Windows notwithstanding, as long as ascii is in use opportunities
will emerge. But who can blame Ray Duncan, in his recent PCMag
HTML primer, for advising readers that
   "Preparing a document in HTML is more like application
   development than desktop publishing, because it involves
   ... modifying the HTML source in a text editor, loading
   the file into a Web browser to see how it looks and prints,
   figuring out what the problems are, and going back to the
   text editor. ..." instead of starting, "If your xyWrite
isn't already loaded ..." and explaining how to configure a
xyWrite printer driver for HTML to convert attributes to codes
when you print to disk. ... The Web explosion found TTG as
unprepared as XyQuest was at the time of the PostScript
explosion--too preoccupied with business word processor concerns,
oblivious to the rich potential inherent in what underlies the wp
frills.

That the choice for any supplement to xpl is coming down to VBA
or REXX is dispiriting. Where is the critical mass that should be
clamoring for a subset of C, as legendary for compactness and
speed as xyWrite? Some similarities are uncanny. A
   {sv86,foo bar}{sx86,{is00}e{is86}} construction is precisely
equivalent to the C strchr function. A
   {sx86,(@siz({is00}))-(({is86}e{is00})+1)} procedure where
the content of a variable is processed and stored on the fly is
the kind of shorthand that helps make C so fast. (Count my vote
on a xyWrite II resurrection as yes.) Interesting to read that
TTG programmers use
EDITOR as an editor. The only other instance I ever encountered
was a letter to the editor from a Rockwell engineer sneering at
PCWeek's advice not to use a word processor as a programming
editor, detailing how he used xyWrite. At the time, I was in a
tumult of xyC. Why isn't every programmer who loathes
IDEs? Tim Baehr mentioned Brief's anemic macro utility. C, like
PostScript, works in my system like an extension of xyWrite.

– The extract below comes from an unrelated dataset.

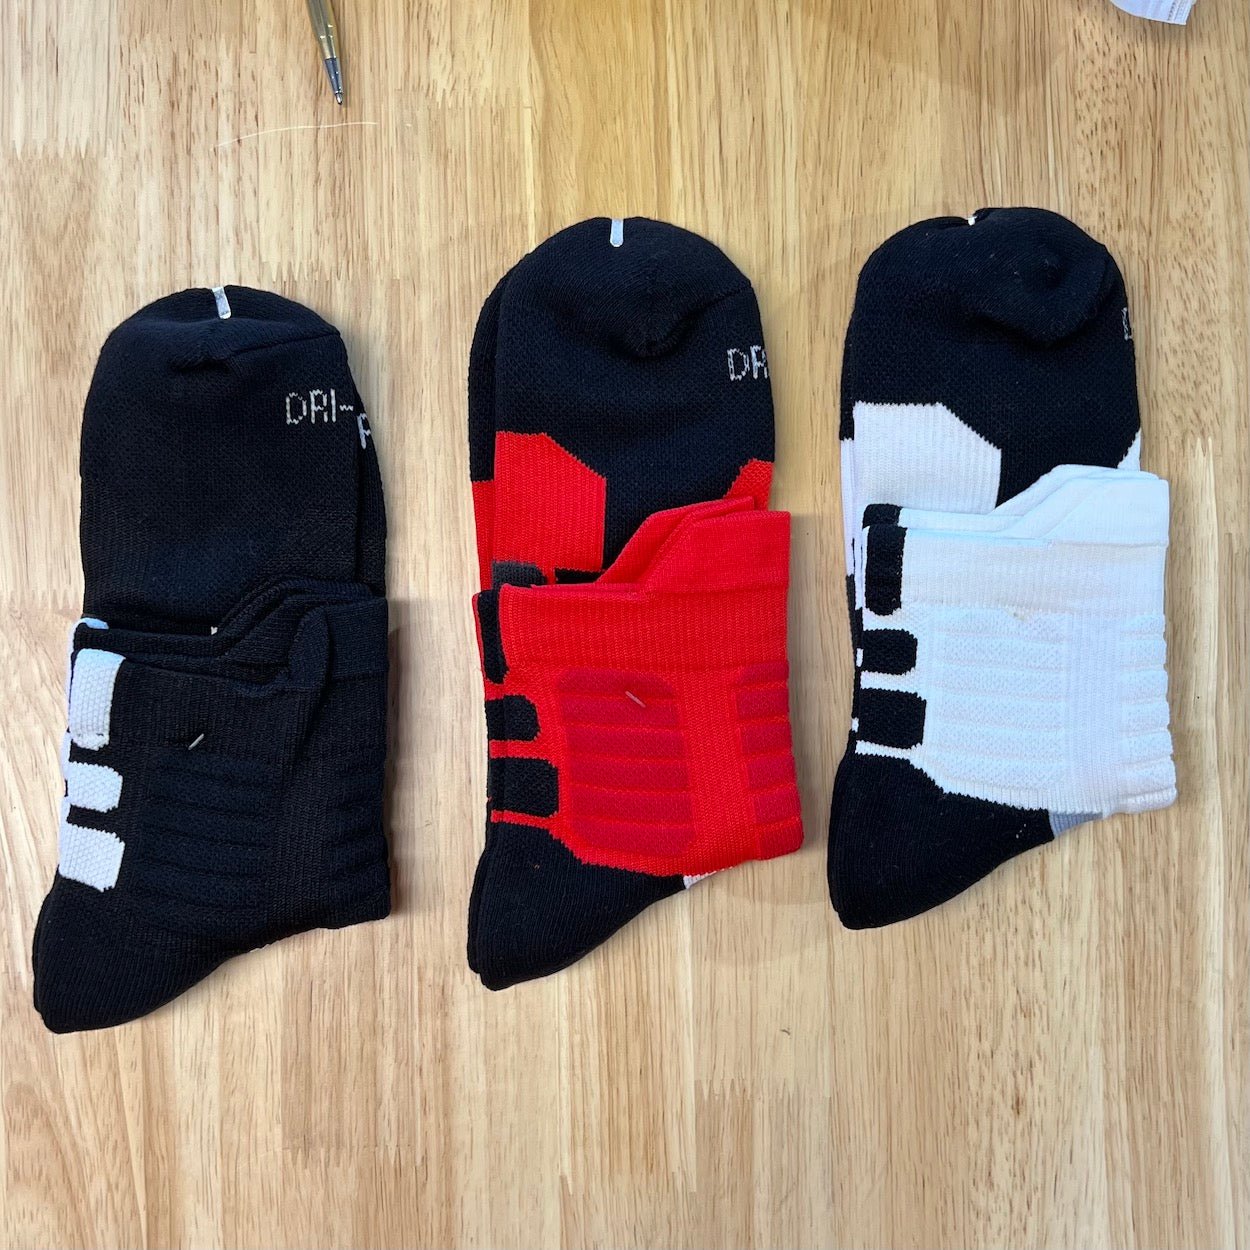 Premium High Ankle Sport Socks 3 Pack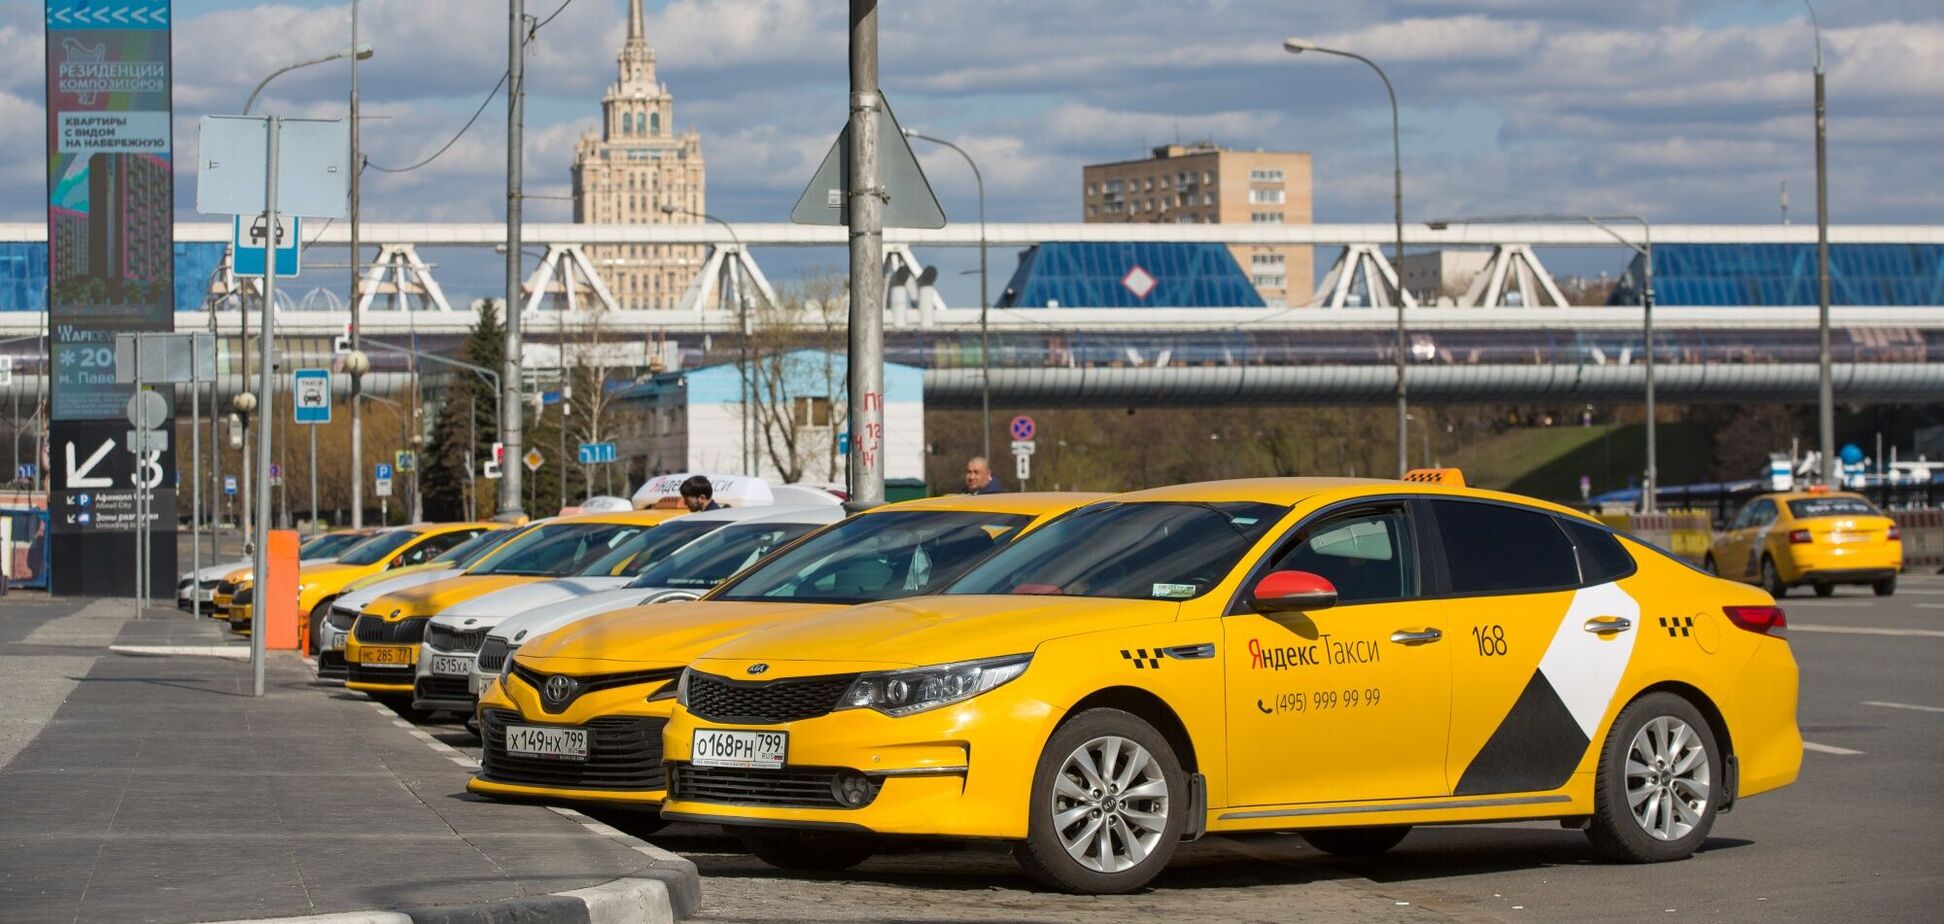 Службы такси хотят обязать делиться данными с ФСБ

One trap I hope Ken and all subscribers avoid is thinking this
list is a microcosm. The 'net is still academic at the core, and
I see no particular reason to suppose that subscribers are
typical xyWrite users. Not to mention that I find that the more
heed I pay the list the less I push my software, xyWrite
included. But for Robert Holmgren--who must have written a clone
of himself to help ;)--who can make time to do both effectively?